(COLLECTED MATERIAL begins)

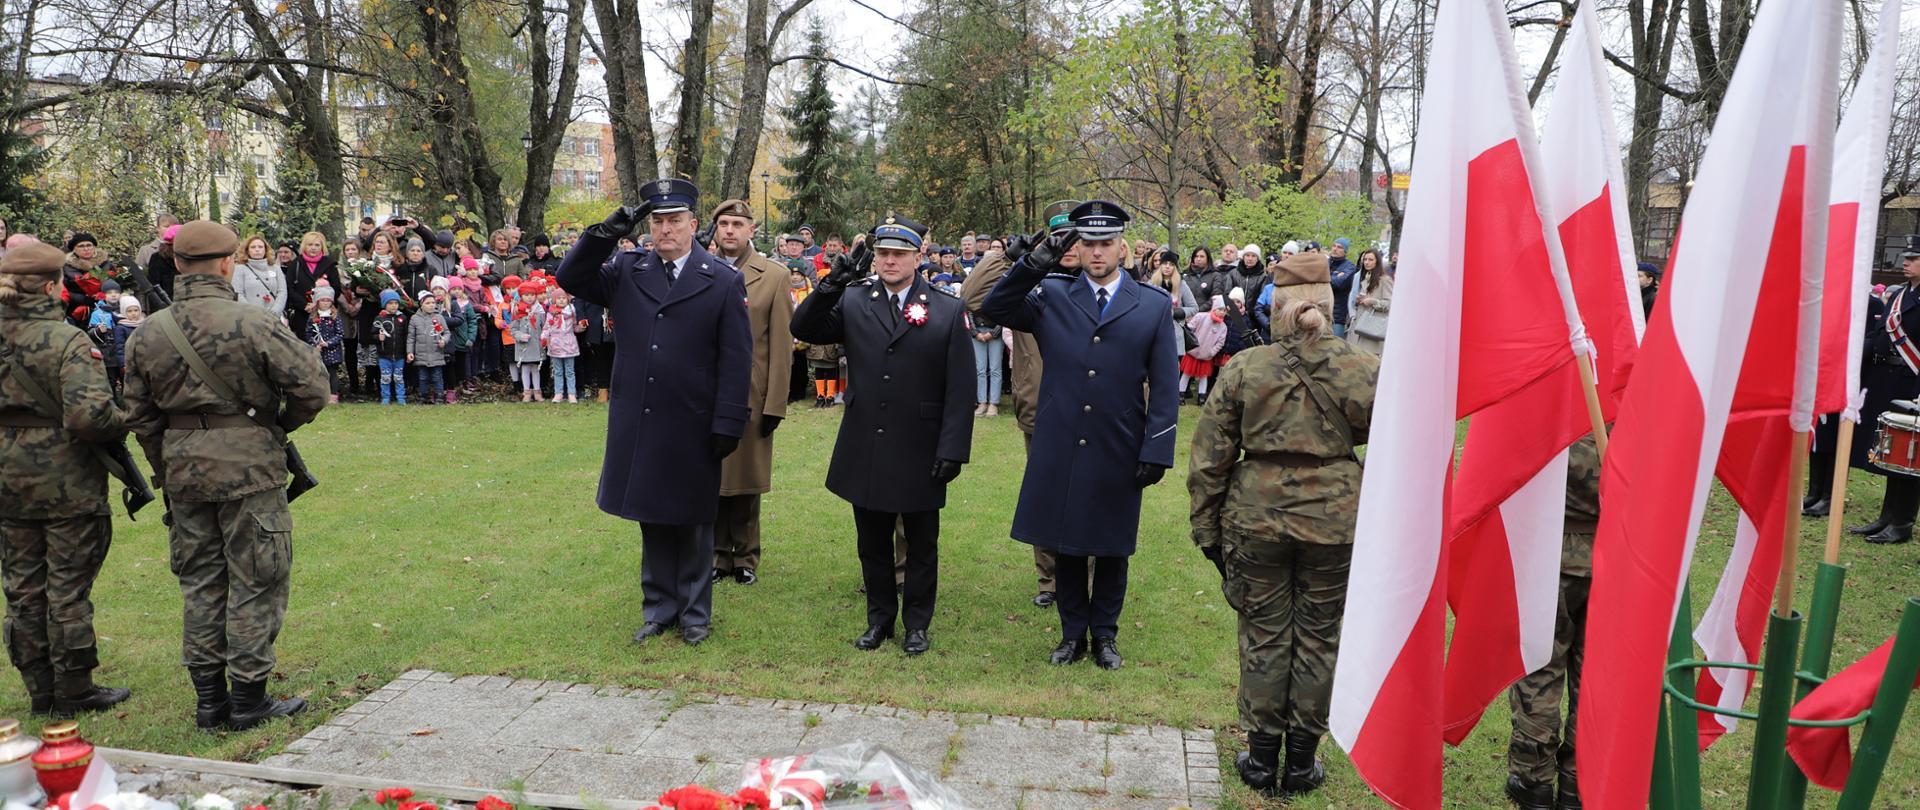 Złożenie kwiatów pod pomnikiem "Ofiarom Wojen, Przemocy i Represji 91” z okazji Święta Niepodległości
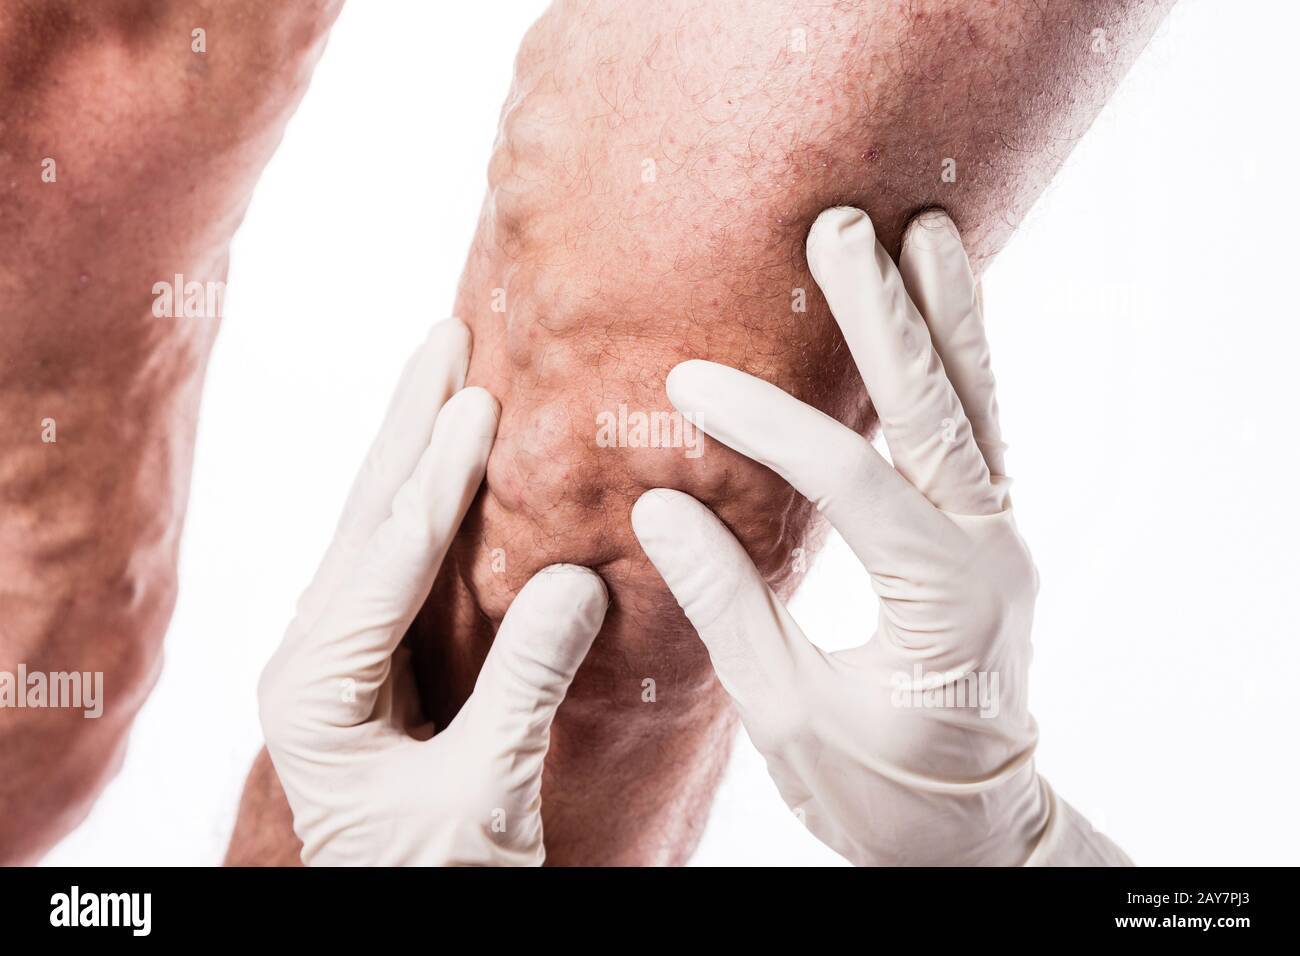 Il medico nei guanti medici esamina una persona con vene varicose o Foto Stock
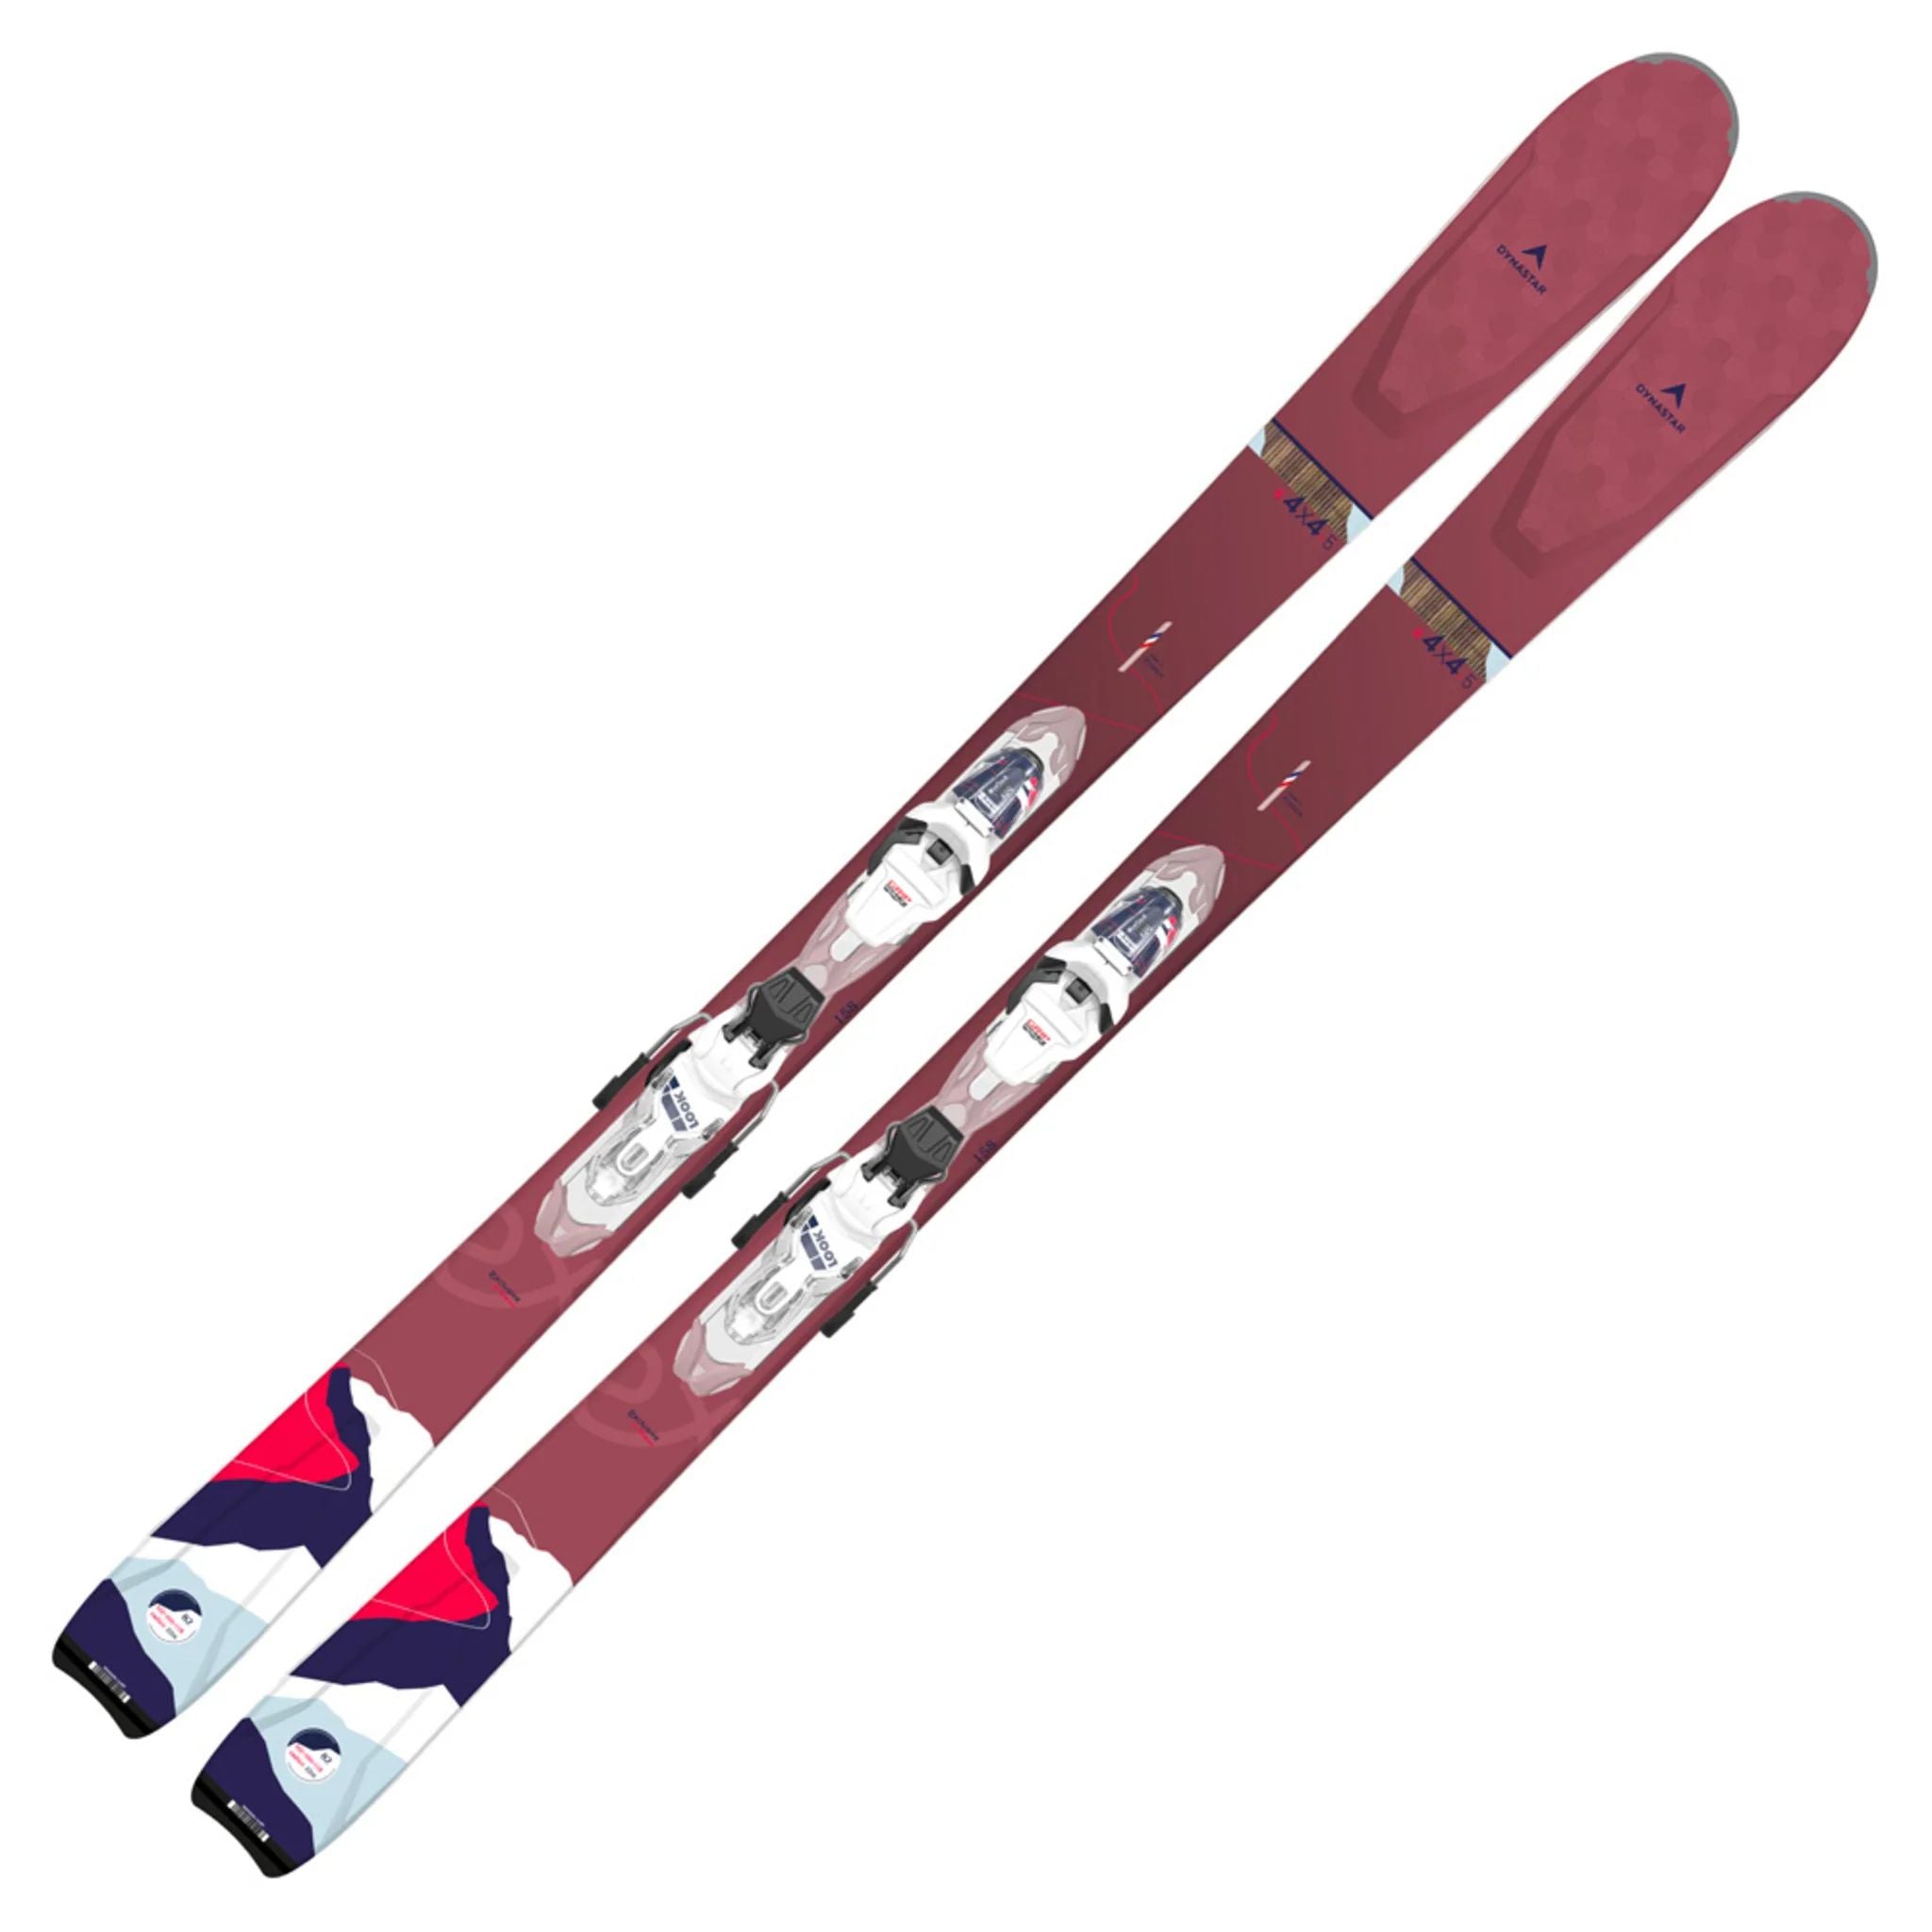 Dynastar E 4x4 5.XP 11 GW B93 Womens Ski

(COLLECTED MATERIAL ends)

* PROBLEM DESCRIPTION *
Print all the lines above exactly as they are, but without the pictures.

* RESULT OF THIS TASK *
 Złożenie kwiatów pod pomnikiem "Ofiarom Wojen, Przemocy i Represji 91” z okazji Święta Niepodległości
 Il medico nei guanti medici esamina una persona con vene varicose o Foto Stock
 Dynastar E 4x4 5.XP 11 GW B93 Womens Ski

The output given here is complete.